— INPUT DATA —
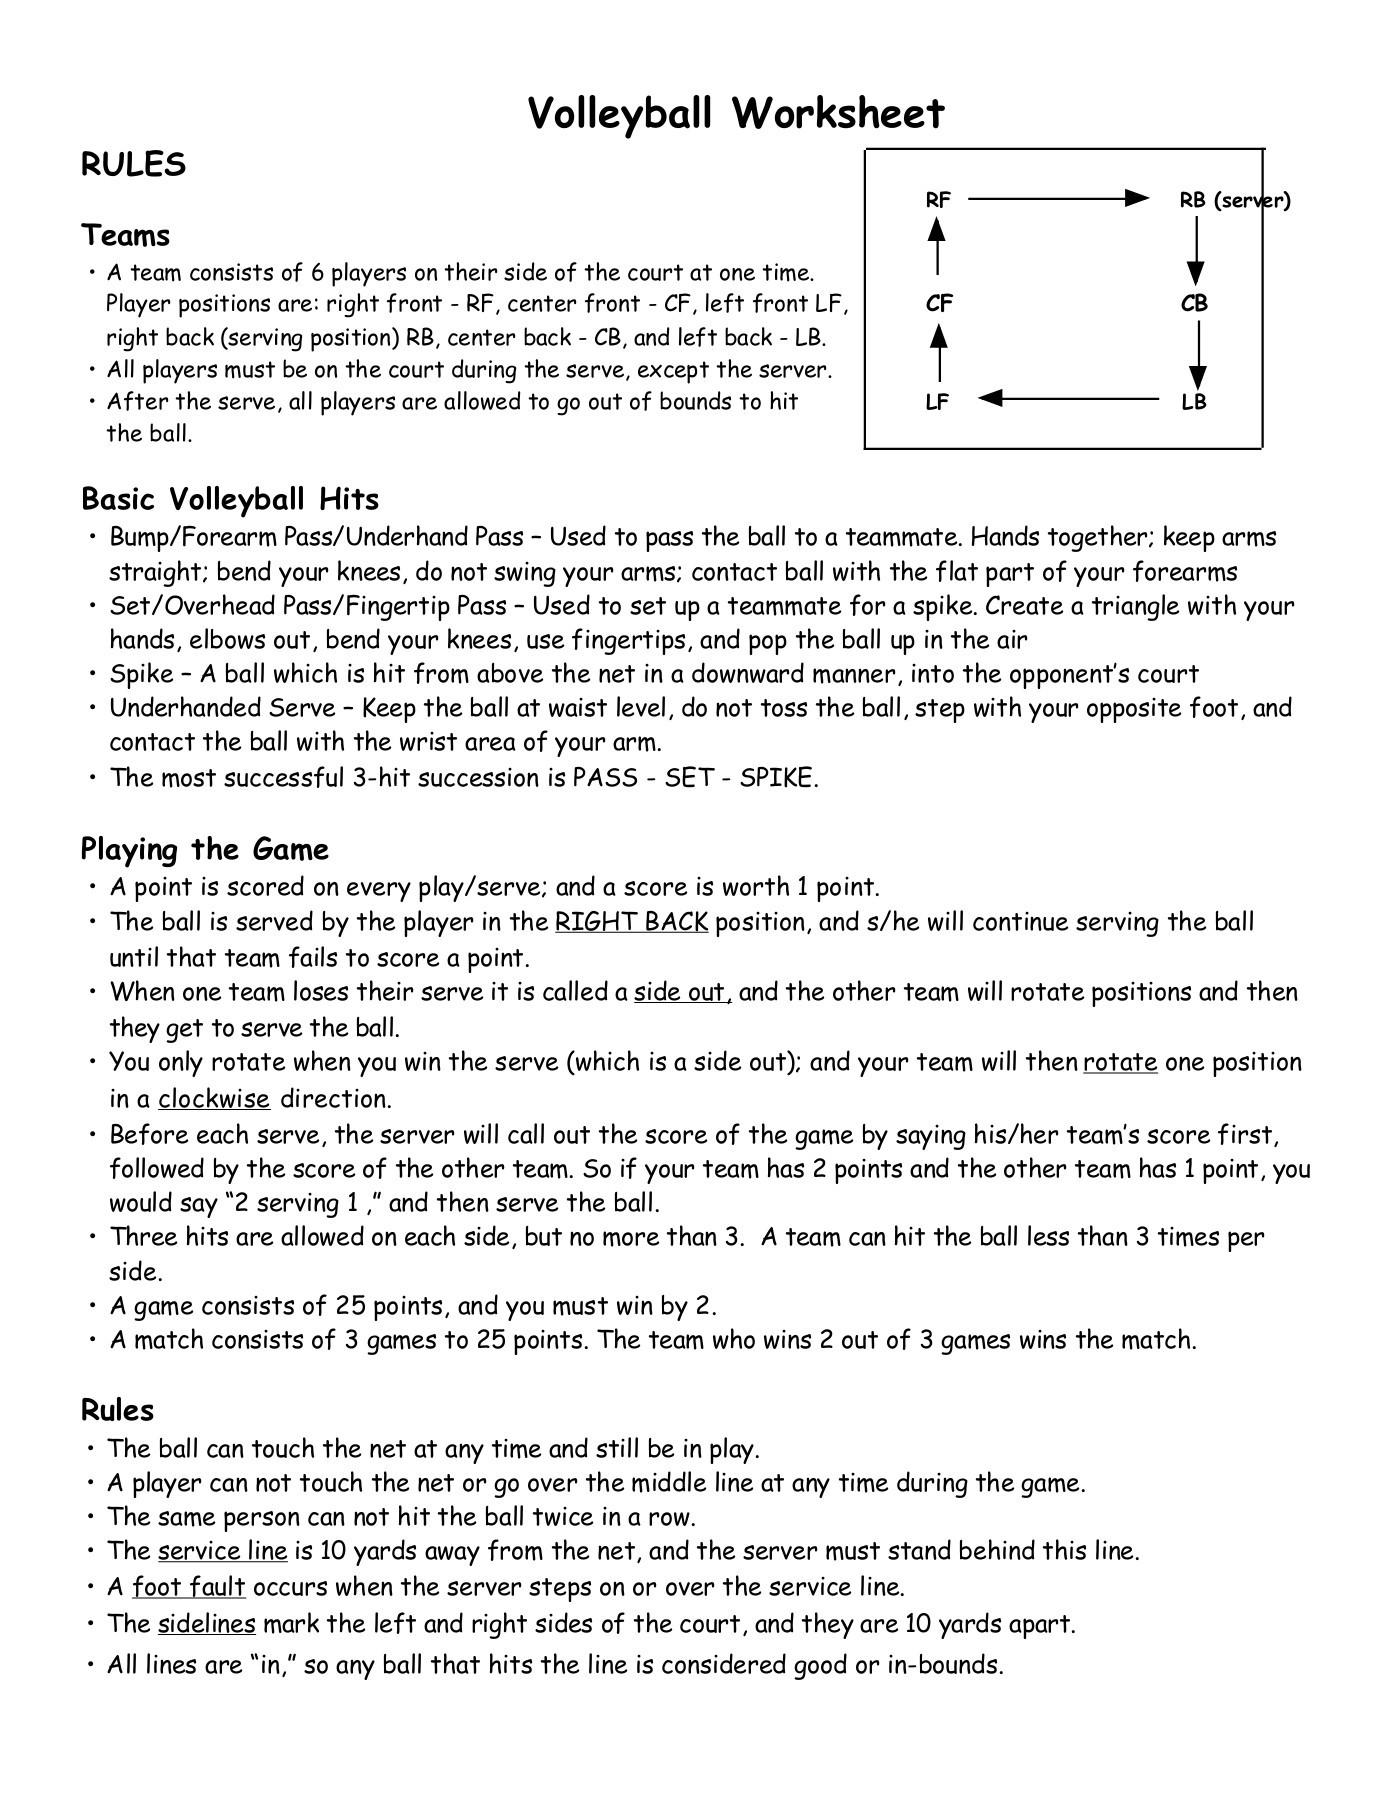 Worksheets Volleyball Worksheets Cheatslist Free Worksheets For Kids Amp Printable
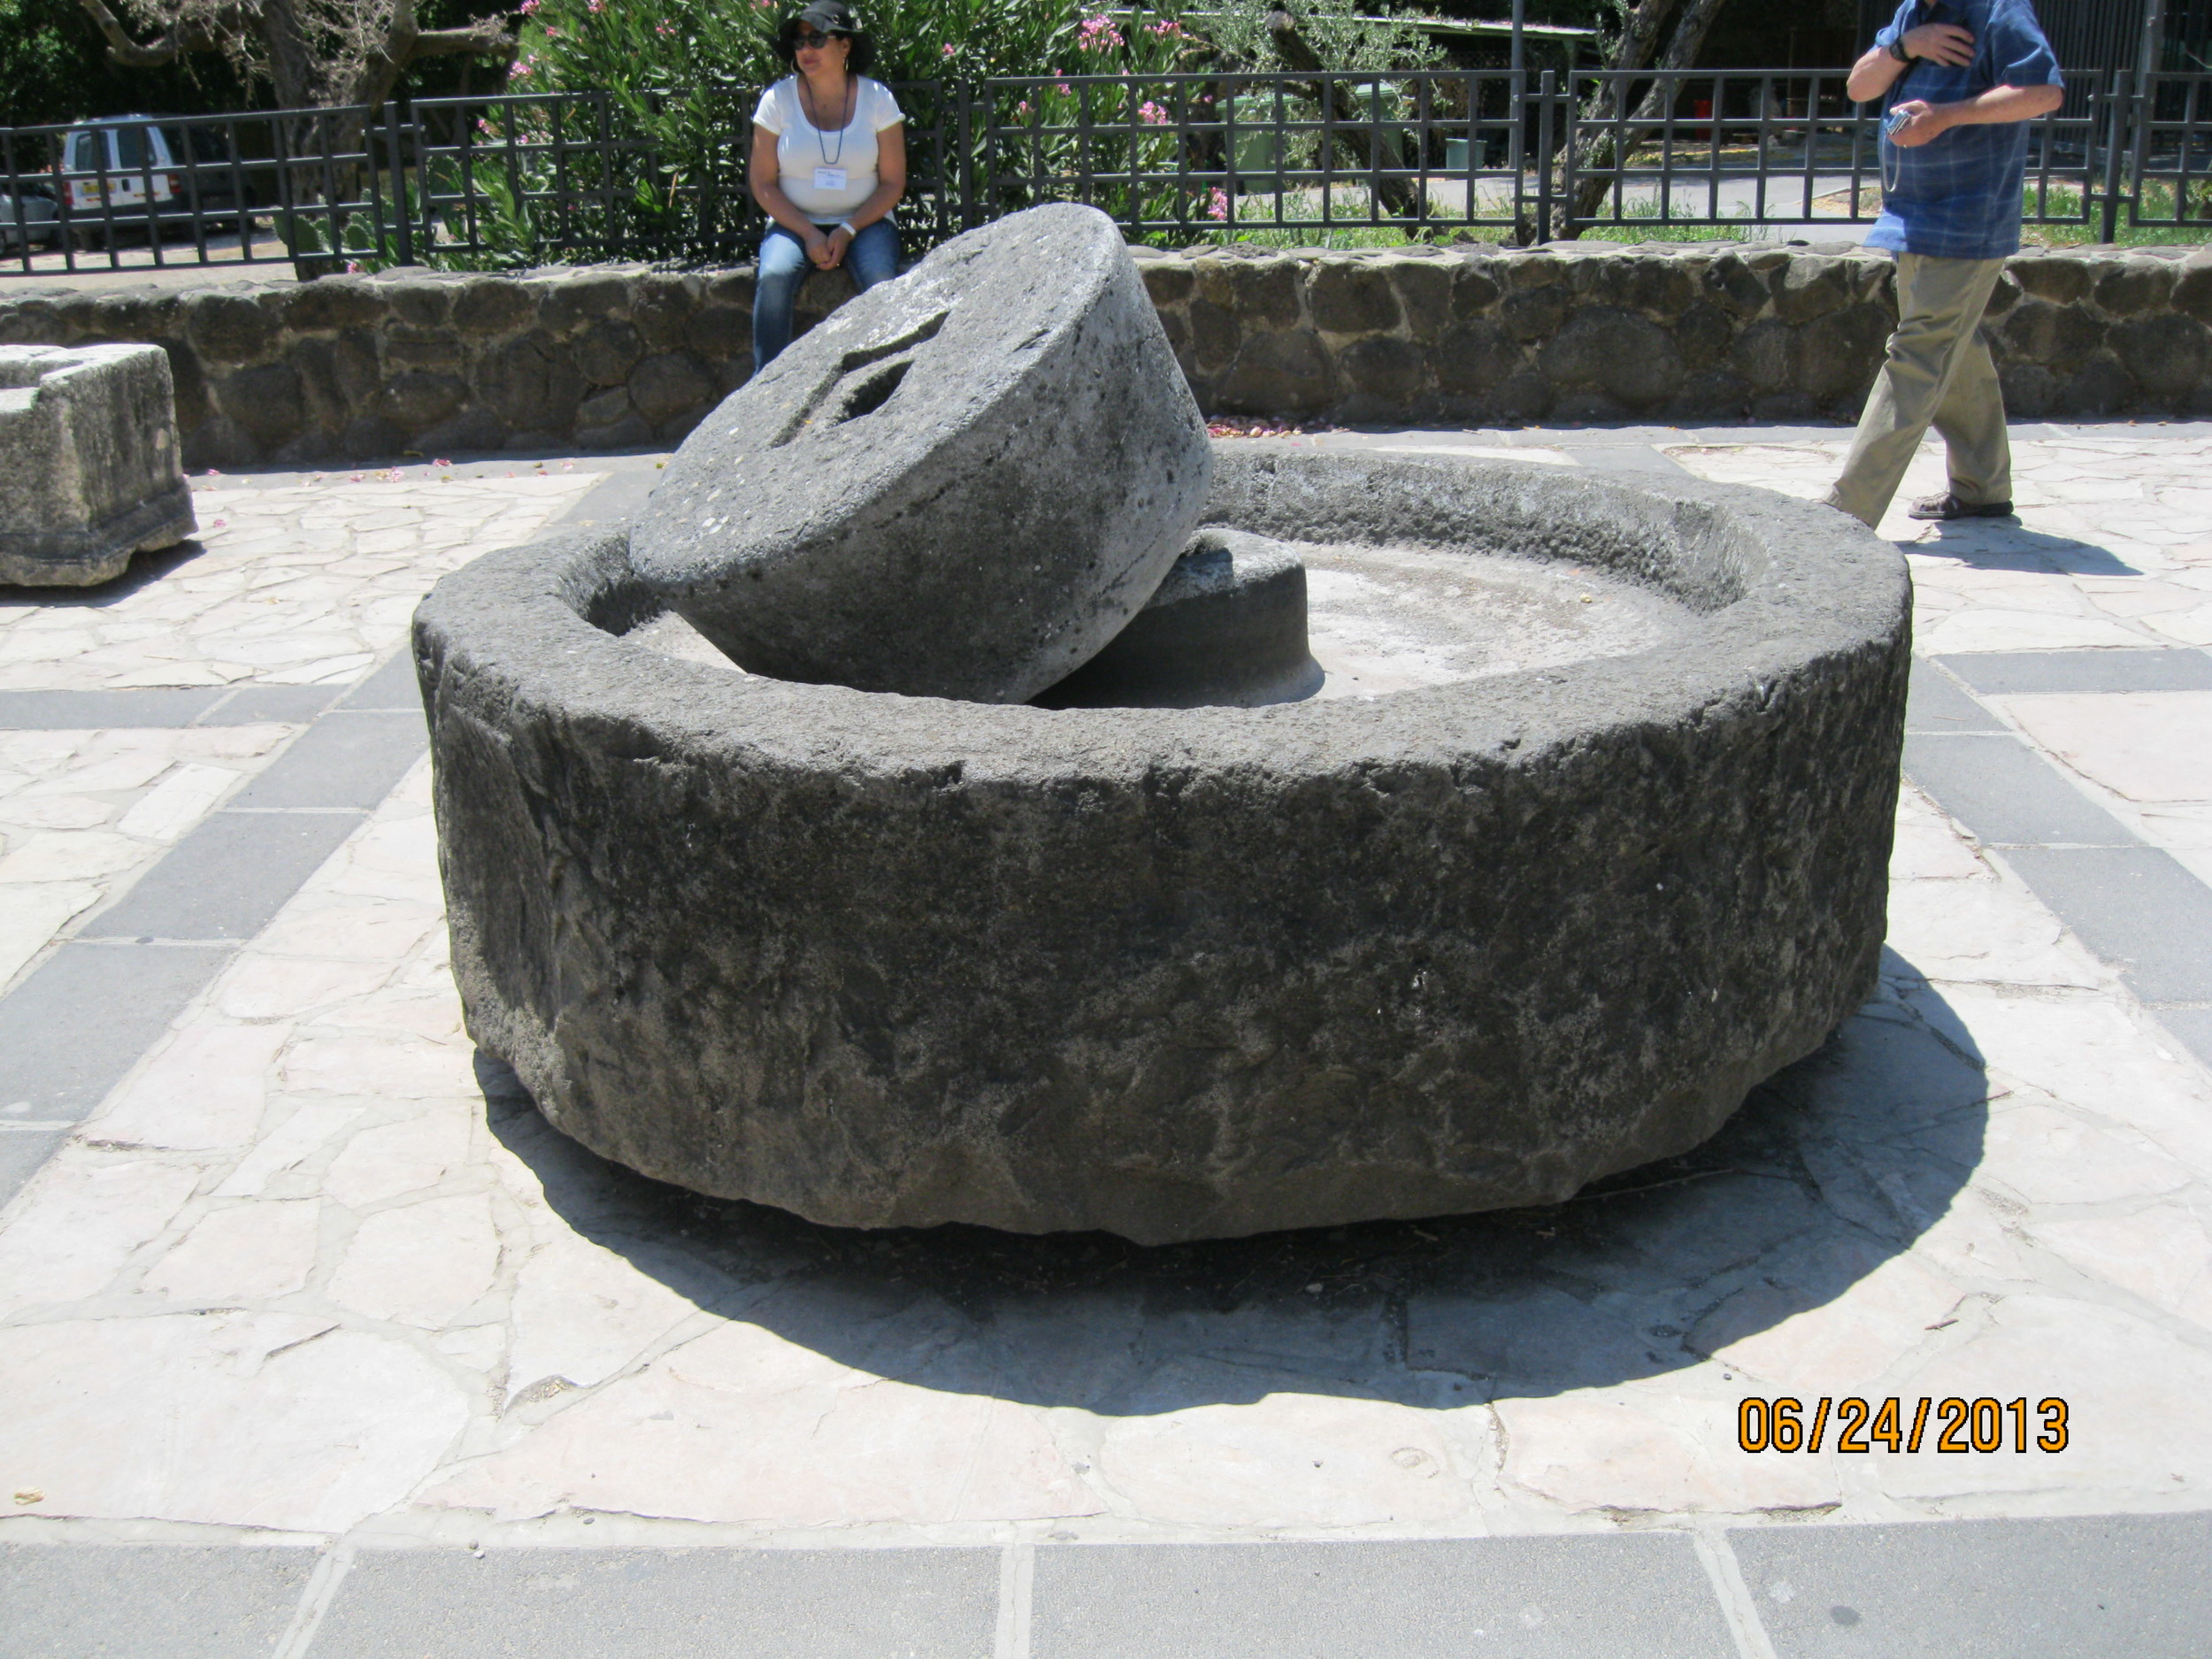 Millstone for making Olive Oil
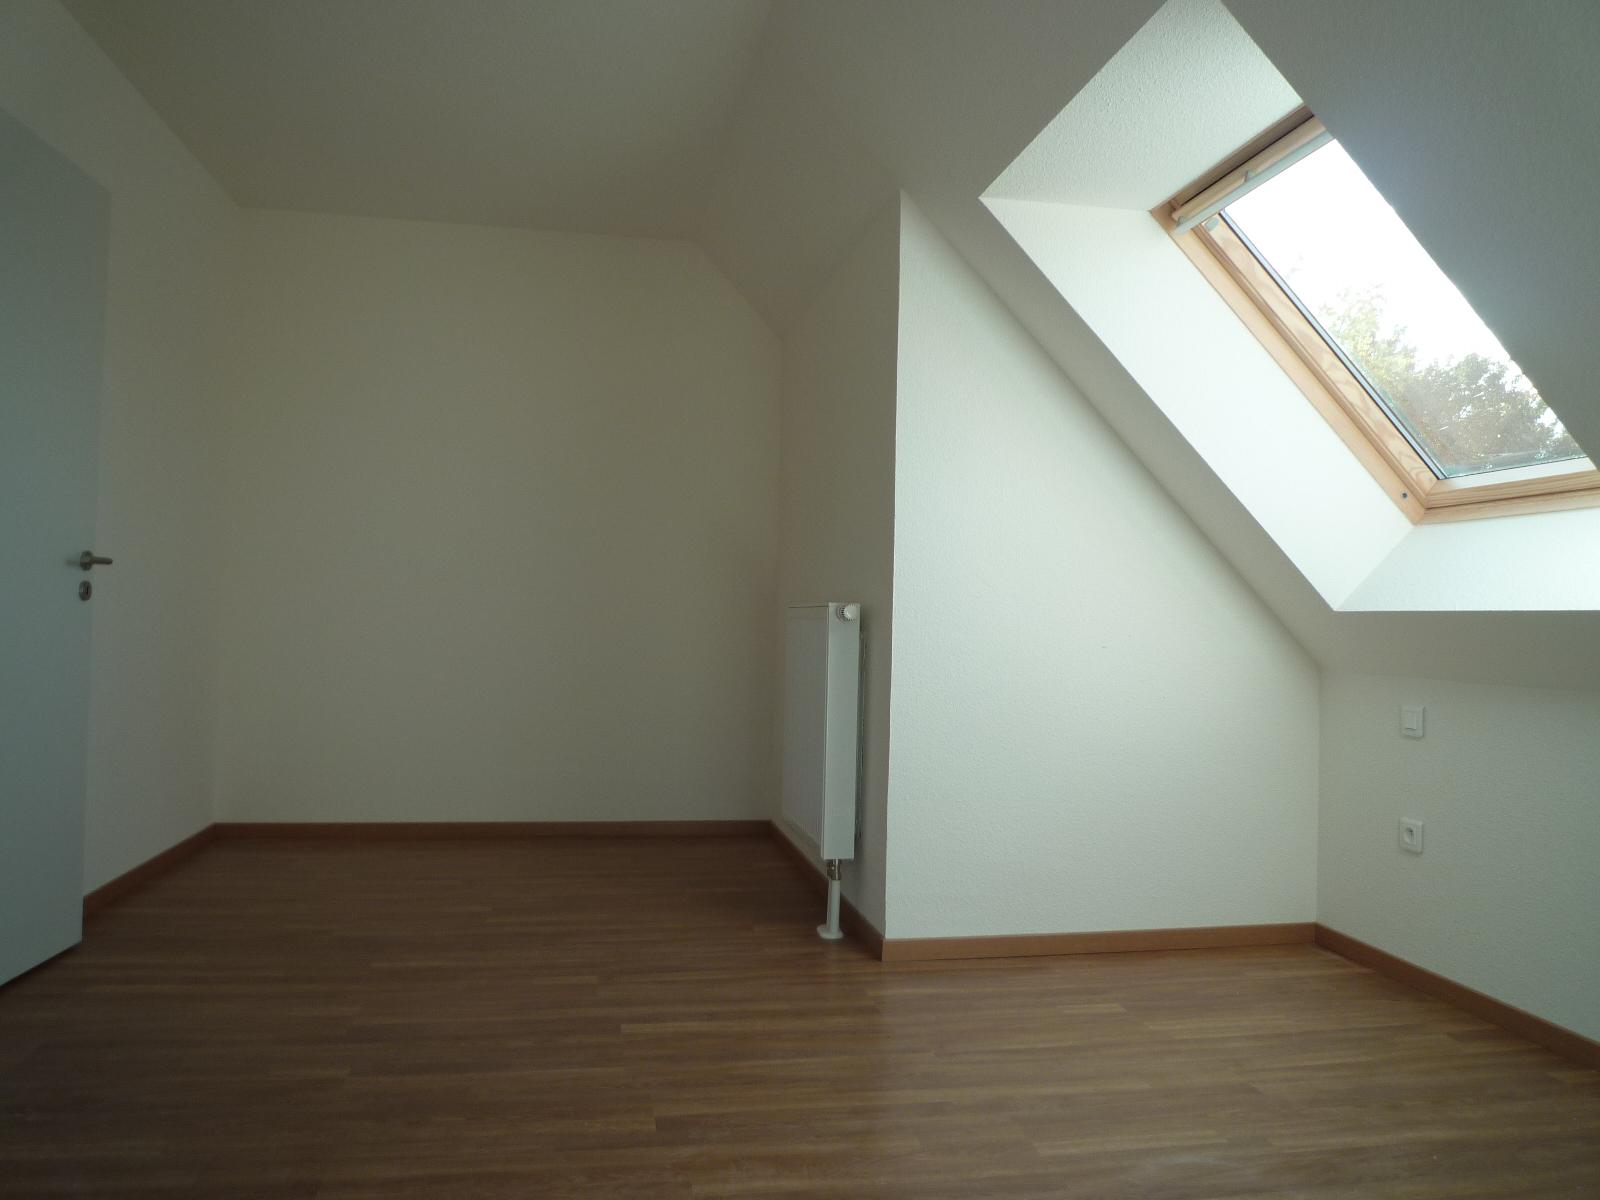 Eligible loi Pinel 21% - LINGOLSHEIM - nos maisons & appartements neufs - Beausite Immobilier 1

— WHAT IS NEEDED —
Every line of the material is to be quoted exactly, with no pictures carried over.

— REPLY TO THE TASK —
 Worksheets Volleyball Worksheets Cheatslist Free Worksheets For Kids Amp Printable
 Millstone for making Olive Oil
 Eligible loi Pinel 21% - LINGOLSHEIM - nos maisons & appartements neufs - Beausite Immobilier 1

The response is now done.